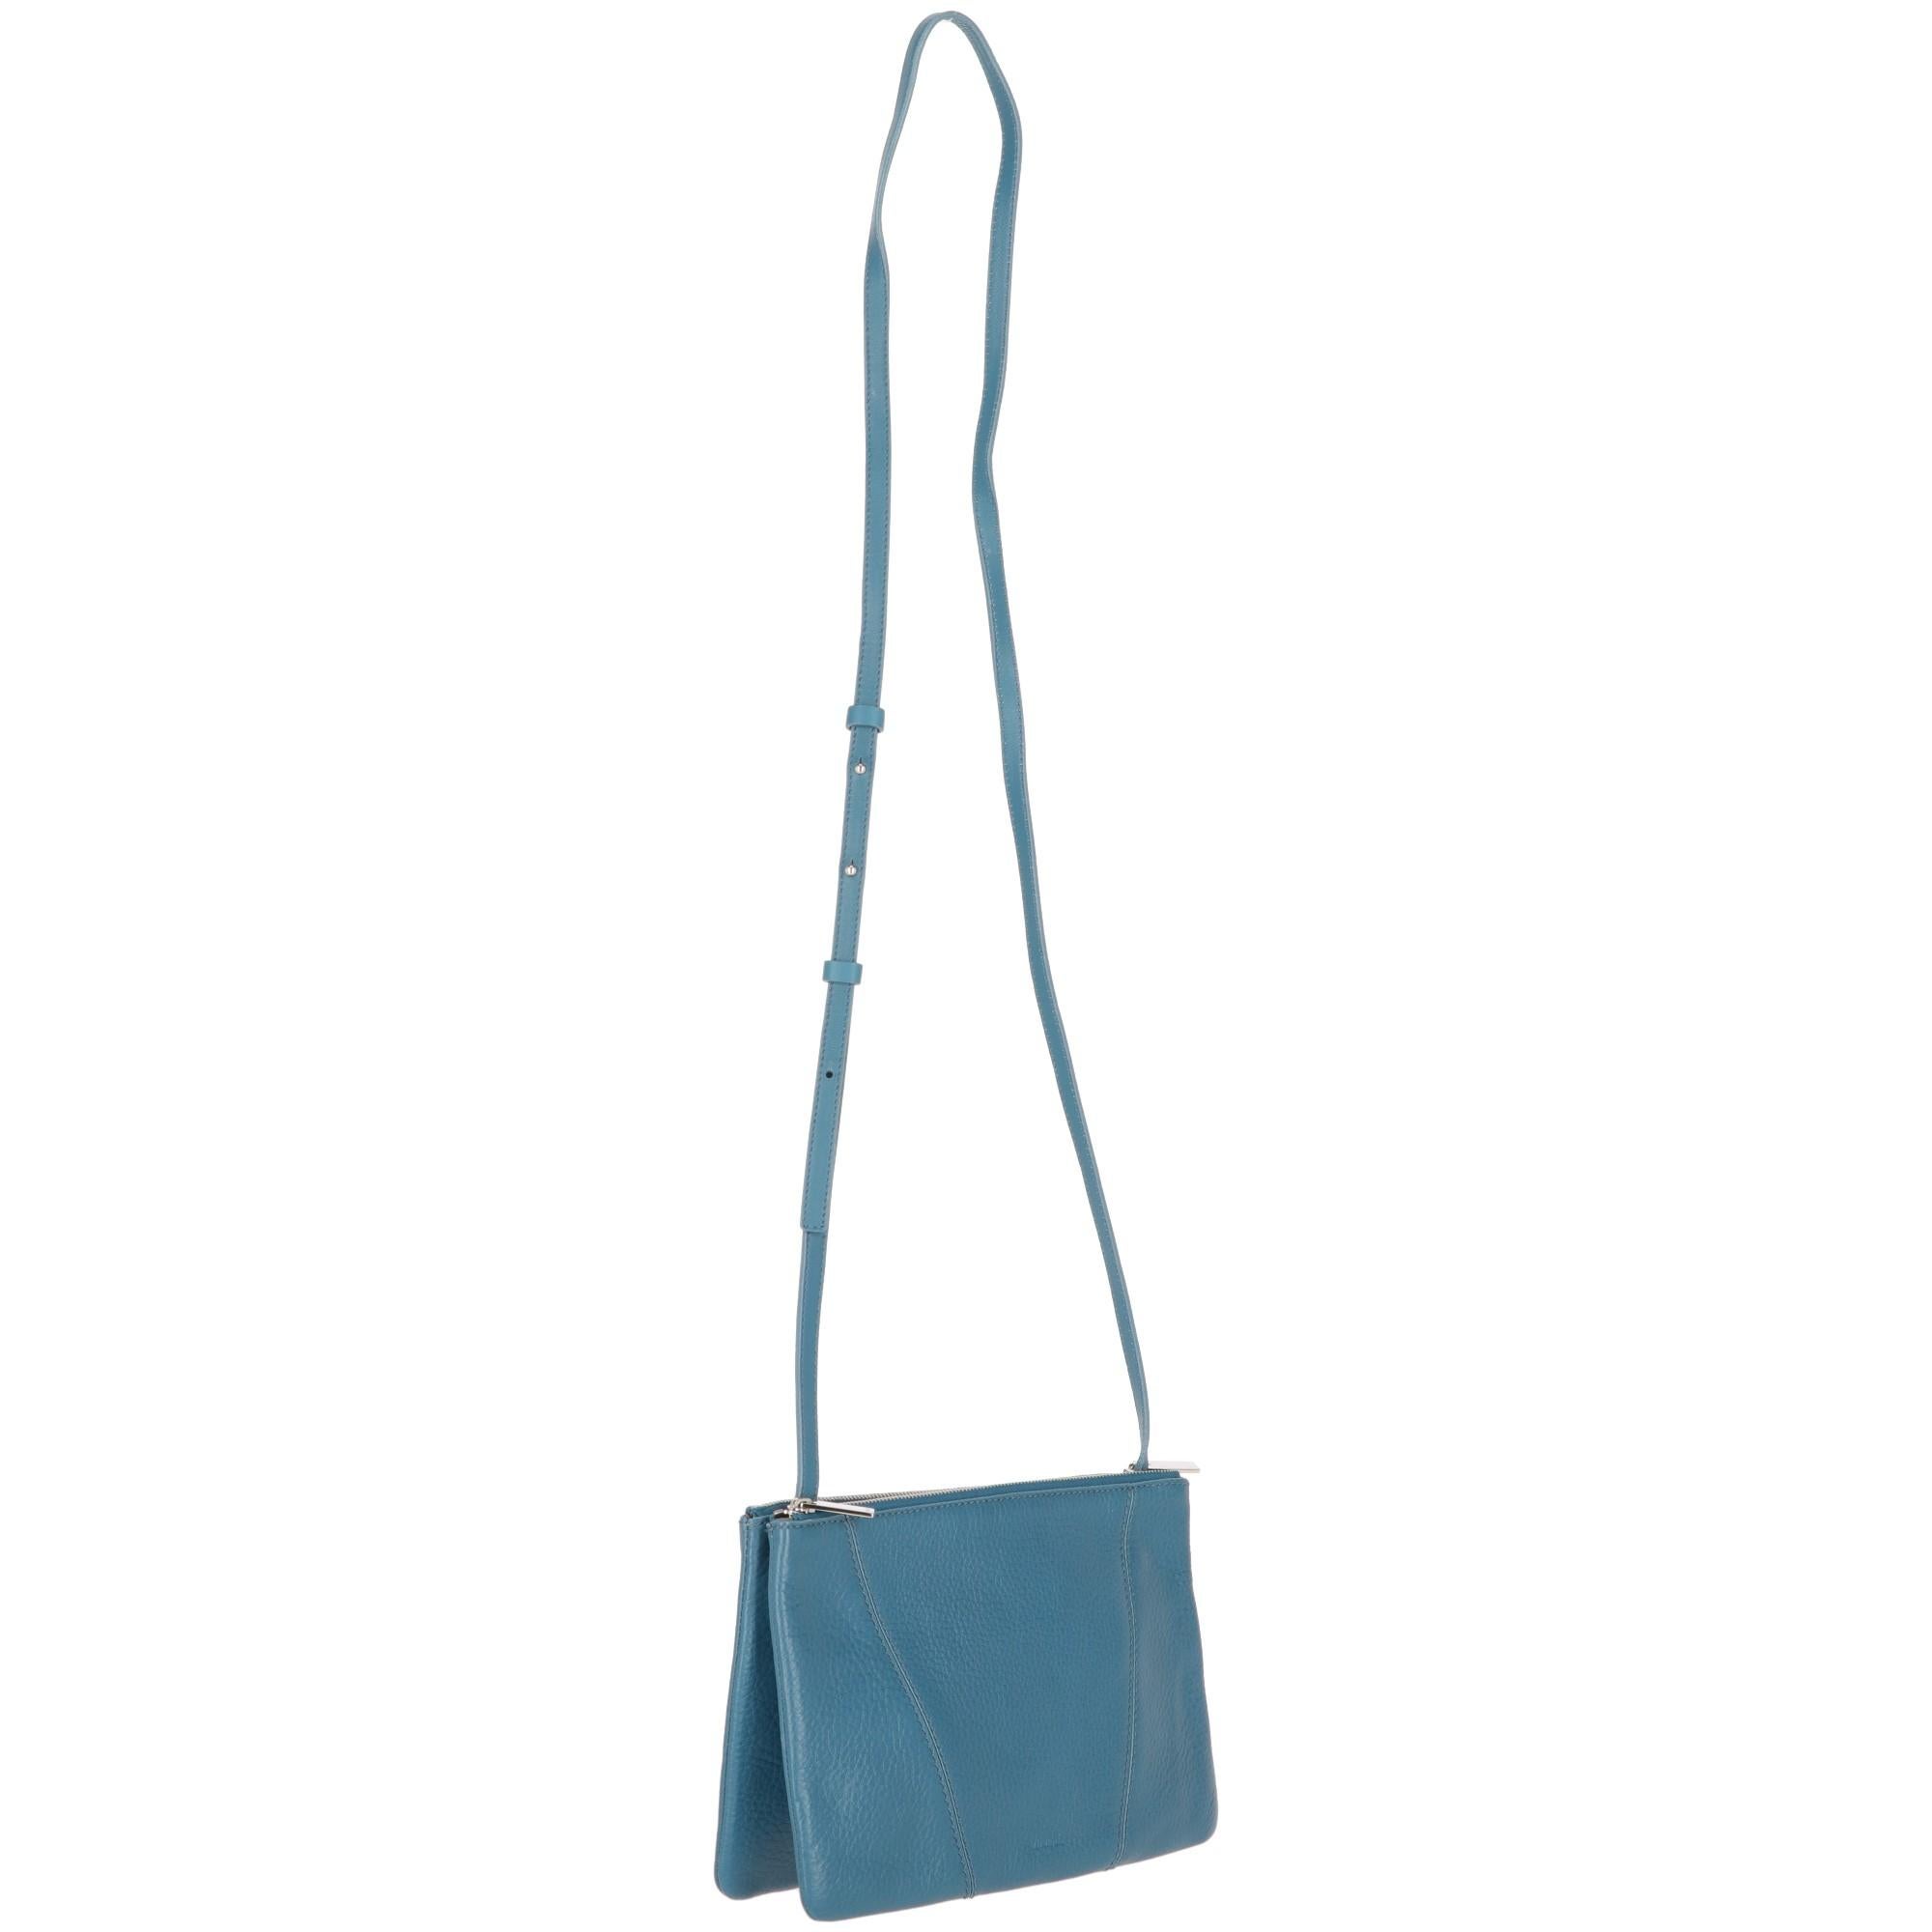 A.N.G.E.L.O. VINTAGE – ITALY

Vince real leather shoulder bag in sugar paper color with adjustable shoulder strap. The bag is composed by two silver-tone metal zipped clutch and merged through metal press studs. Lined in grey cotton.

Years:
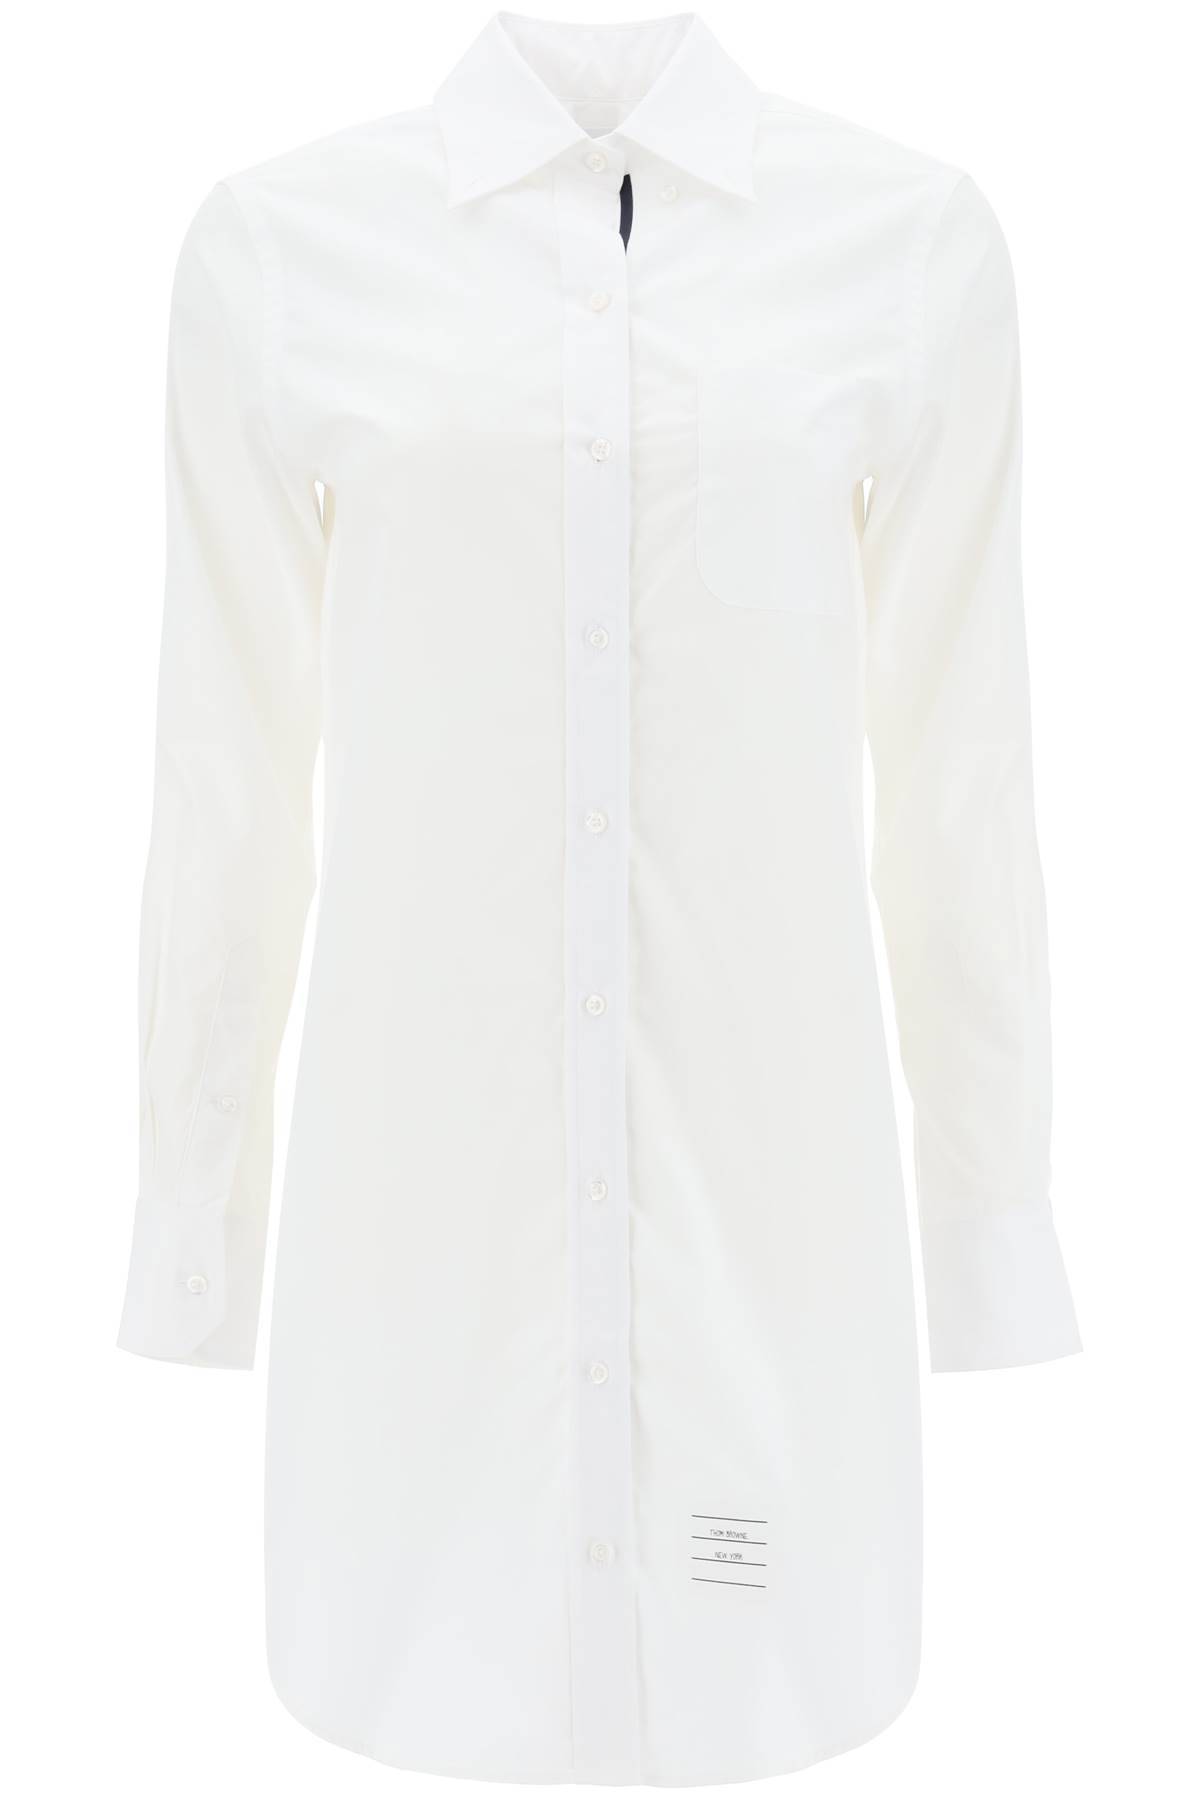 Thom Browne THOM BROWNE short button-down blouse

Your assignment — All the lines above are to be reproduced exactly, except the pictures.

Written solution —
 A.N.G.E.L.O. VINTAGE – ITALY

Vince real leather shoulder bag in sugar paper color with adjustable shoulder strap. The bag is composed by two silver-tone metal zipped clutch and merged through metal press studs. Lined in grey cotton.

Years:
 Thom Browne THOM BROWNE short button-down blouse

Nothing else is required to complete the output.